Menurut Destry, keberlanjutan kebijakan adalah kunci untuk menjaga kepercayaan pasar. Ketika investor melihat adanya stabilitas dalam kebijakan moneter, risiko persepsi terhadap ekonomi domestik akan menurun. Hal ini sangat penting untuk menjaga aliran modal asing tetap masuk ke pasar keuangan Indonesia, yang pada gilirannya akan memperkuat cadangan devisa negara.
“Fokus kami tetap jelas. Bank Indonesia akan terus menjalankan mandatnya untuk menjaga stabilitas nilai tukar Rupiah dan memastikan inflasi tetap terkendali dalam sasaran yang telah ditetapkan,” ujar Destry dalam keterangannya kepada awak media.
Stabilitas Rupiah: Prioritas Utama di Tengah Dinamika Global
Salah satu tantangan terbesar yang dihadapi otoritas moneter saat ini adalah volatilitas nilai tukar Rupiah terhadap mata uang utama dunia, terutama Dollar AS. Tekanan dari kebijakan suku bunga tinggi di Amerika Serikat (The Fed) serta ketidakpastian geopolitik global seringkali memberikan tekanan pada mata uang negara berkembang, termasuk Indonesia.
Destry menjelaskan bahwa BI akan terus menggunakan berbagai instrumen kebijakan untuk melakukan intervensi secara tepat sasaran.

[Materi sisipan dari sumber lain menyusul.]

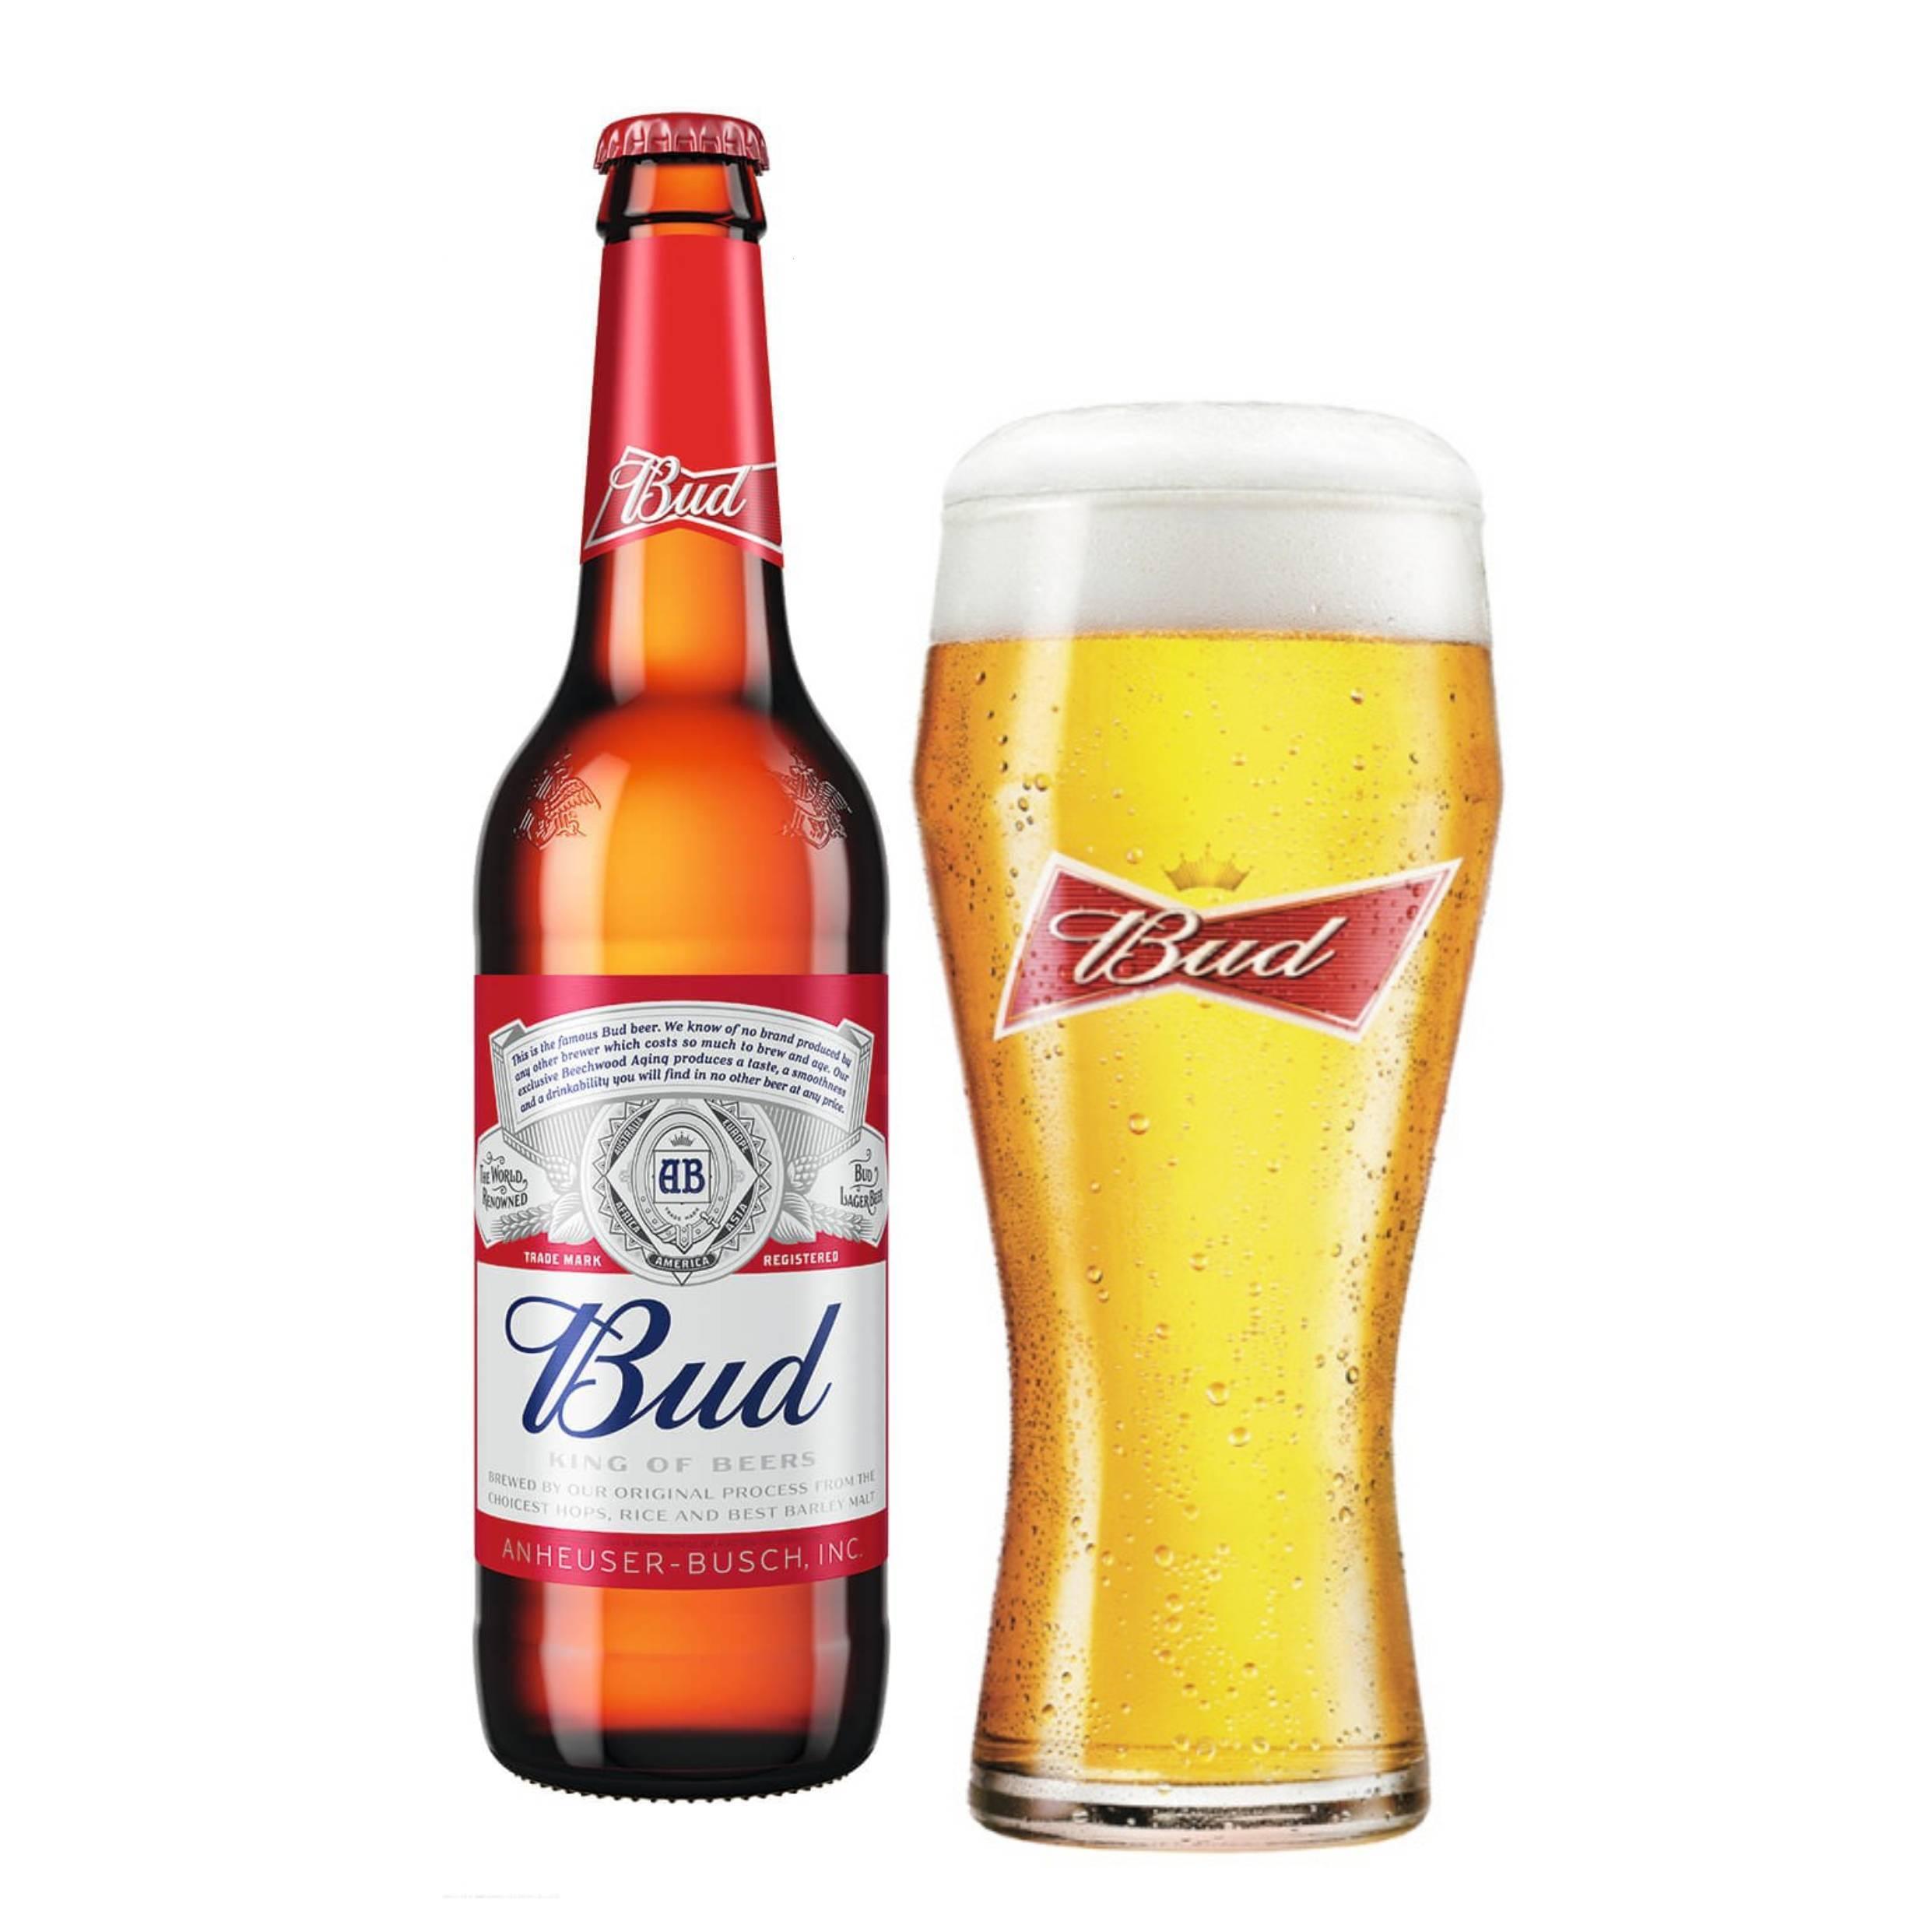 Пиво бад (bud) — особенности и история американского напитка

Strategi ini mencakup intervensi di pasar spot, pasar Domestic Non-Deliverable Forward (DNDF), hingga pengelolaan likuiditas di pasar surat berharga. Tujuannya bukan untuk menentukan level nilai tukar secara kaku, melainkan untuk memastikan pergerakan Rupiah tetap berada dalam koridor yang wajar dan tidak menimbulkan guncangan ekonomi.